But enough about present-day hurdles. These past few days I dusted off my 2024 summer holiday photo album, flicked through some slightly blurry shots (beer and camera focus really don’t mix as well as you’d hope), and decided it was high time to pick up where I left off. After all, I did promise you (and myself) a three, or even four-part blog series, and I'm a person of my word – at least when there are actual people reading it. Thank you, Iancu, for single-handedly propping up my readership stats.

So, where were we? Ah yes, the Isle of Man... where life moves at a gentle pace, and the average age is best described as 'gracefully silver.'

The next morning, I woke up bright and early, eager to kick off my island exploration. I had grand hopes of a picturesque seaside view to start the day - after all, I could hear the seagulls squawking like overenthusiastic alarm clocks, and the hotel had assured me that my room came with a “lovely seaside view.” Naturally, I was already picturing myself looking out at the Douglas promenade, waves gently lapping the shore, maybe even a stray sailboat drifting by.
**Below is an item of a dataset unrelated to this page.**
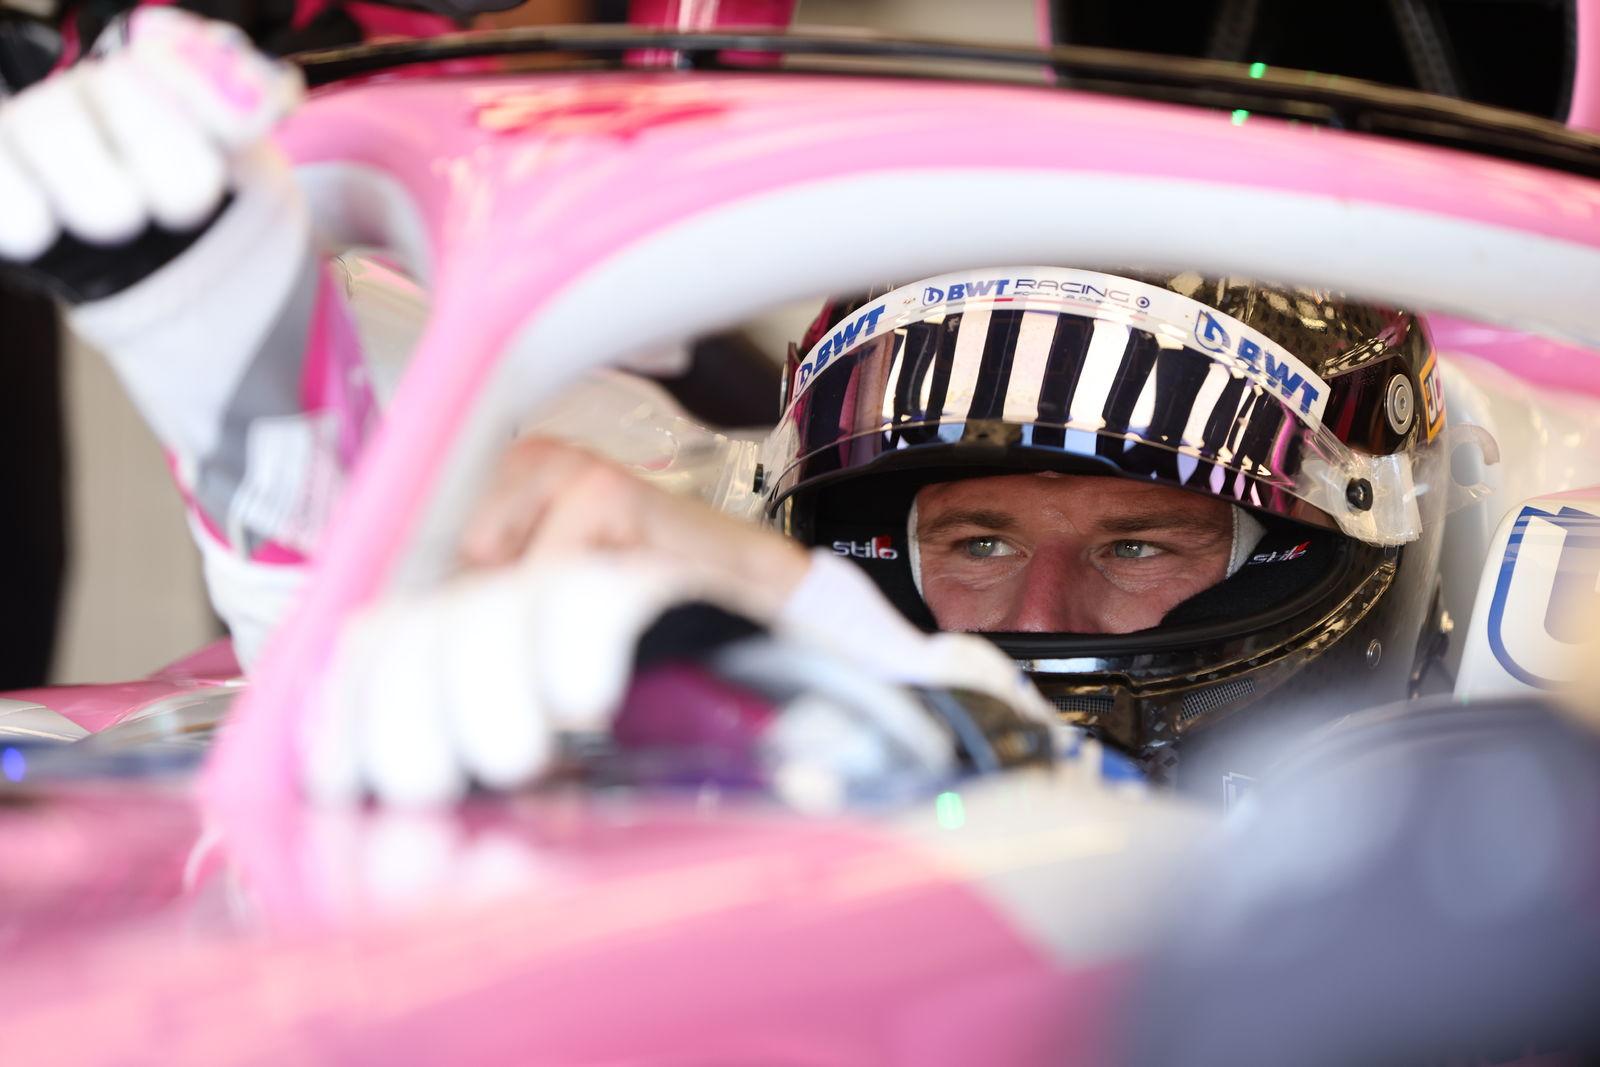 Officiel : Hülkenberg de retour en F1 dès ce week-end à Silverstone 1

Alas, what greeted me as I drew back the curtains was... the inside garden. Don’t get me wrong, it wasn’t bad. Quite charming, actually, if you’re into potted plants and the odd, lonely lawn chair. But let’s just say that, in the dead of night when I checked in, this wasn’t exactly what I’d imagined. So much for the sweeping vistas.

Anyway, with a breath of floral-scented air (and a small sigh of resignation; but truth be told, the hotel I was in was quite nice – The Devonian, to those interested), I stepped out and started my morning walk. I took a look to the left, to the right, trying to decide which way would lead me to the promised land of coastal scenery. After all, when you're on an island, you're bound to hit the sea eventually, right?

Once I’d spotted the sea not far to my left (about 100 meters, if we’re getting precise), I set off down the promenade. The morning was quiet, with only the occasional jogger huffing past, usually trailed by an equally determined dog. I couldn’t help but notice there seemed to be an unusually high number of dog owners here. Perhaps it’s some sort of Isle of Man requirement – a “must love dogs” clause buried somewhere in the local bylaws. There were also a few cyclists, but they all looked far too energetic for my taste that early in the morning.

The waves gently crashed against the nearby shore, a calming rhythm that almost made me forget about the slightly menacing clouds lurking on the horizon. They seemed restrained though as I sat there for few minutes looking in the distance, as if considering whether to make a dramatic appearance or just hang back and observe. I hoped they’d take the latter option, at least until I could find a coffee shop, sit down, and plot out the day’s activities. Now, in my mind I thought that this first, simple task would be an easy win, but no. My morning quest for caffeine turned out to be more of a misadventure. I wandered through the center of Douglas, hoping to stumble upon a quaint little coffee shop with cozy seating and maybe even some friendly chatter. Instead, I was met with a series of empty storefronts, the kind that make you feel like you’ve missed some big memo or that you got here off-season. It seemed as though there used to be a fair number of small shops, cafes, and the like, but most were now just empty shells. A bit sad, really, like the island was quietly hanging a “gone fishing” sign in its window.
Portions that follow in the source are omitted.